Critiques

Keith Kouna

Le voyage d’hiver

  • L-A be
  • 2014
  • 74 minutes
8,5
Le meilleur de lca

keithkounahiverKeith Kouna a connu une année 2013 du tonnerre et notre homme semble bien décidé à passer un 2014 tout aussi capoté! Pour ce faire, celui qu’on a connu comme chanteur des Goules, lançait à la fin 2013, Le voyage d’hiver. Le sympathique punk ne manque pas de couilles. Son concept? Adapter le Winterreise de Franz Schubert, rien de moins. Transposer une suite de lieds est déjà un défi de taille, mais lorsque l’on adapte une suite de lieds qui a été d’abord et avant tout composée pour accompagner les mots d’un poète allemand (Wilhelm Müller), on est carrément ailleurs.

Cela a pris un peu plus de quatre ans à Kouna pour achever le projet. Ce n’est pas faute de mots, mais plutôt de direction musicale et il a retrouvé l’inspiration avec l’arrivée de René Lussier qui a su bien encadrer Kouna. Voilà! L’excentrique parolier a accouché de cette œuvre colossale en décembre.

Musicalement, on est très loin du style préconisé par Kouna sur l’excellent Du plaisir et des bombes. On se retrouve dans un univers où le piano occupe une place centrale et où l’orchestration est intelligente et variée. Ce n’est pas révolutionnaire, mais si cela réussit à faire apprécier Schubert à un public qui n’aurait pas naturellement tendu l’oreille, ce sera mission accomplie! Kouna se permet tout de même un mélange des genres exquis et une actualisation tout à fait réussie; la partition musicale n’est ni poussiéreuse ni campée dans une époque précise. Ceci (espérons –le) devrait assurer une pérennité à ce Voyage d’hiver. Par exemple, on retrouve dans la pièce Cimetière un travail sonore particulièrement intéressant. Le mélange piano/cordes/bidouillages sonores bizarres/distorsion est franchement réussi.

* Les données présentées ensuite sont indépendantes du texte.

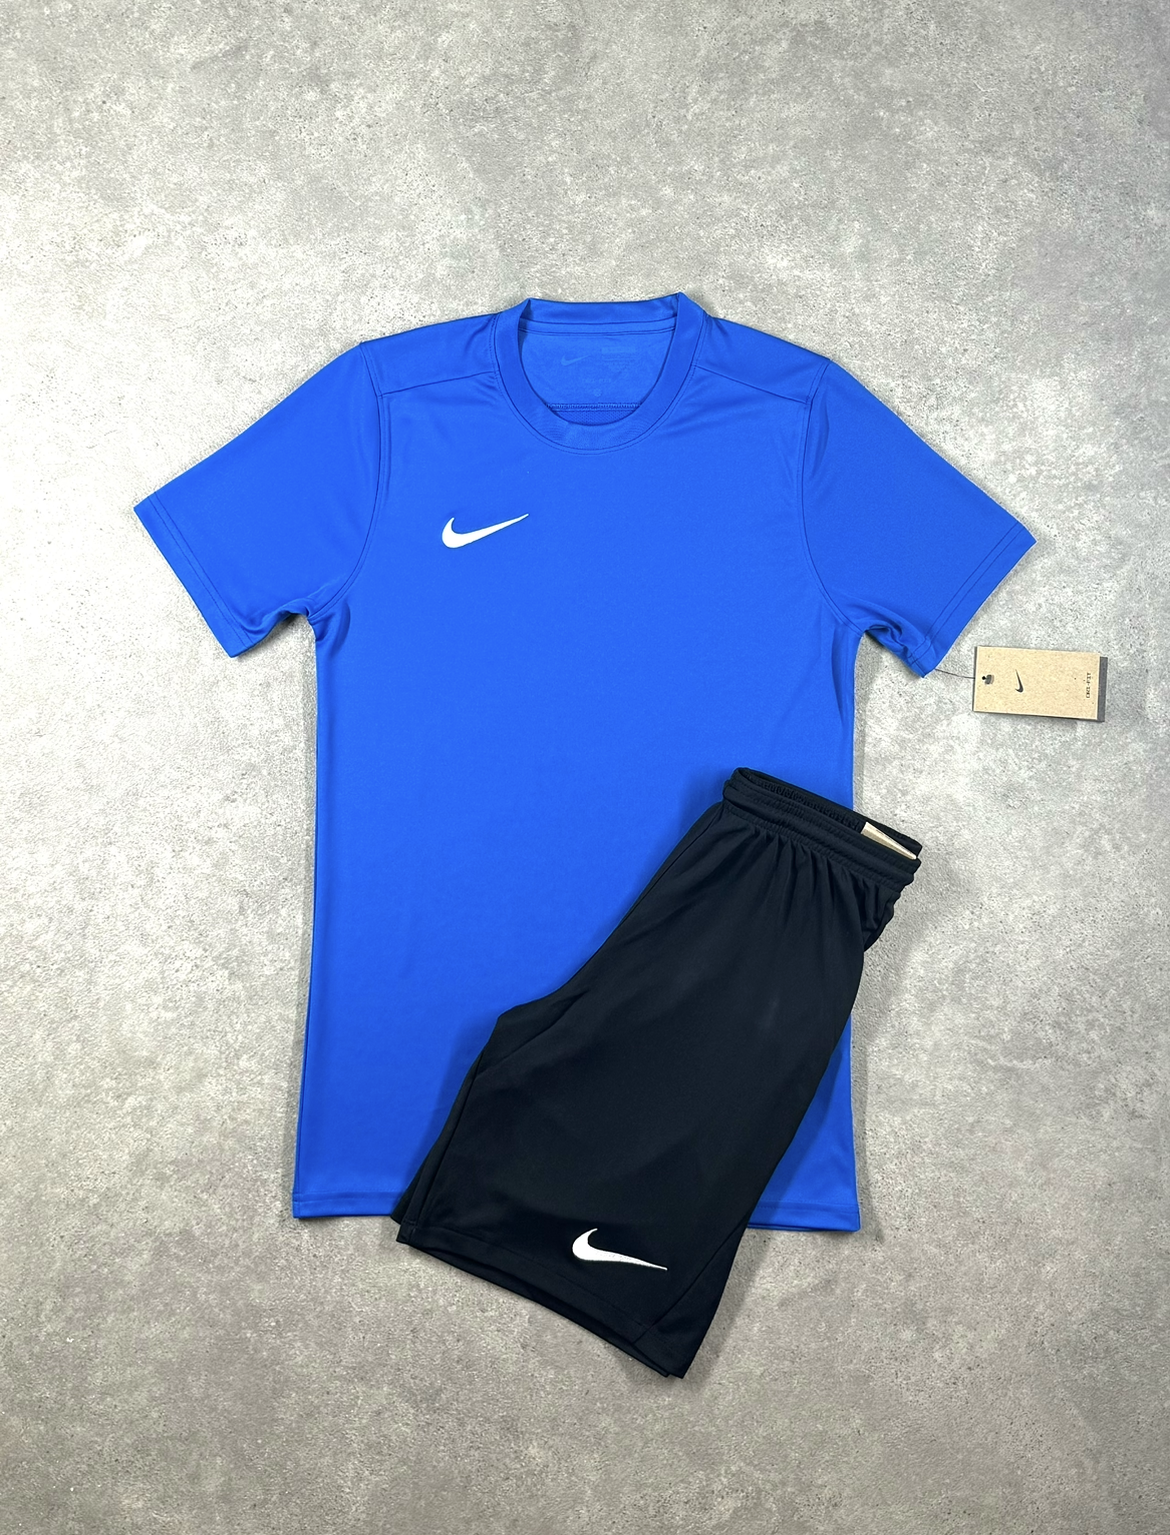 Nike - Dri Fit Set - Royal Blue/Black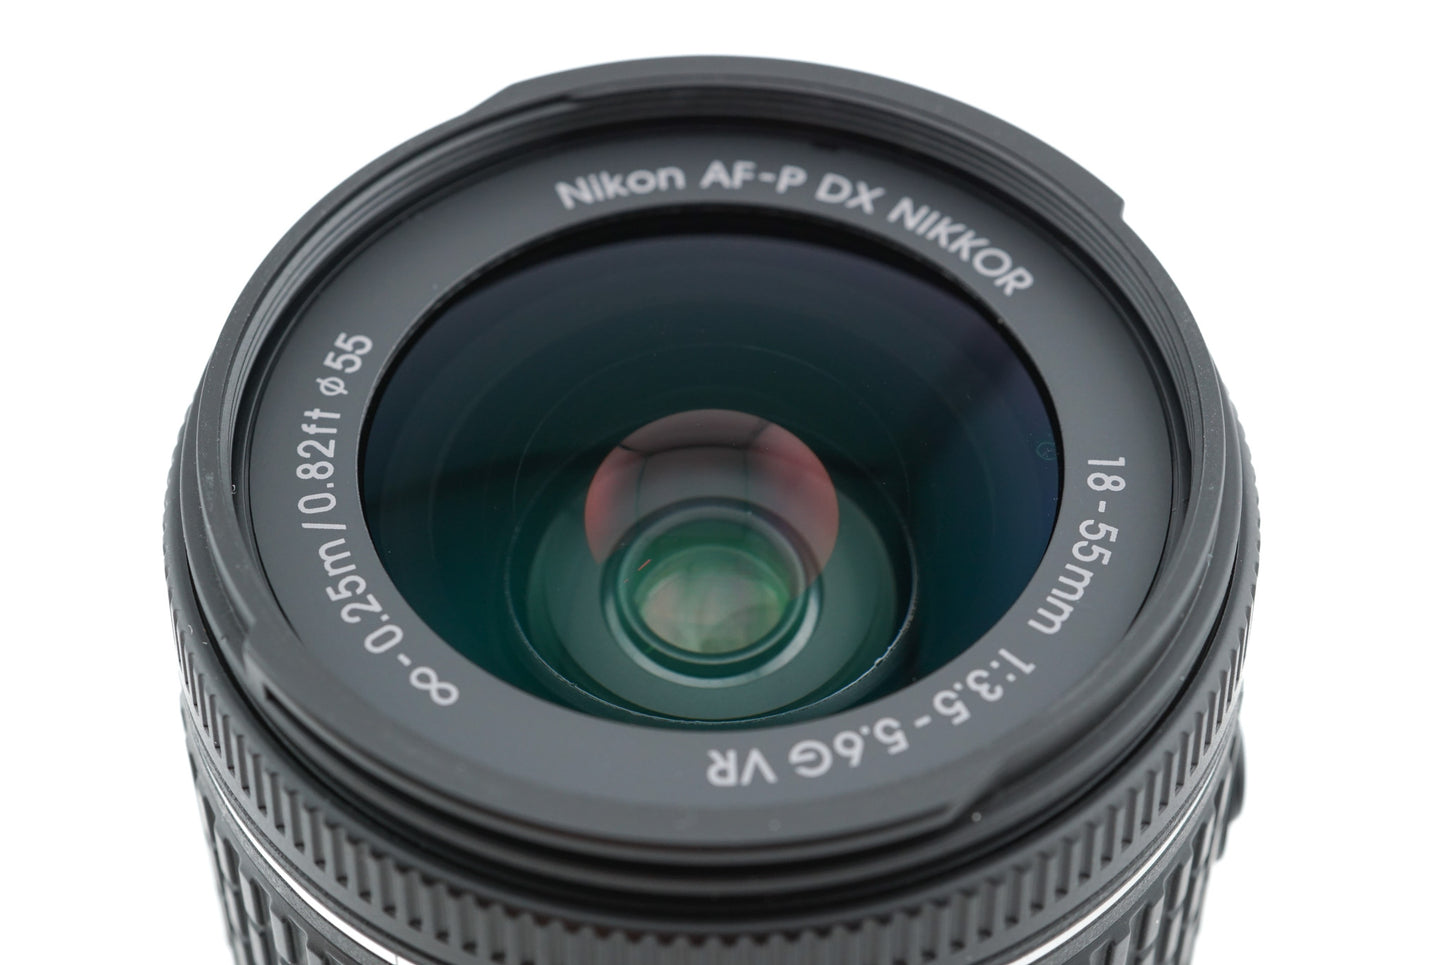 Nikon 18-55mm f3.5-5.6 G VR AF-P Nikkor

Côté texte, on retrouve un Kouna habité des thèmes habituels qu’il affectionne particulièrement: sexe, drogue et alcool, auxquels s’ajoutent la solitude, la mort ainsi que des sujets sombres et profonds. Celui-ci n’a rien perdu de sa couleur singulière et à la première écoute, le fait d’entendre sur Engourdissement: «Je prends le bison par derrière/Et saute la fée des glaces» fait sursauter. Pourtant l’ensemble est conséquent et marche à merveille. Oui, Schubert peut rimer avec pervers sans problème. Kouna en fait une éloquente apologie. Sur le fleuve nous ramène sur les chemins sinueux de l’alcool alors que Romance et désirs nous transporte dans une ambiance feutrée, sexy et définitivement plus proche du club de jazz que d’une salle de concert rock.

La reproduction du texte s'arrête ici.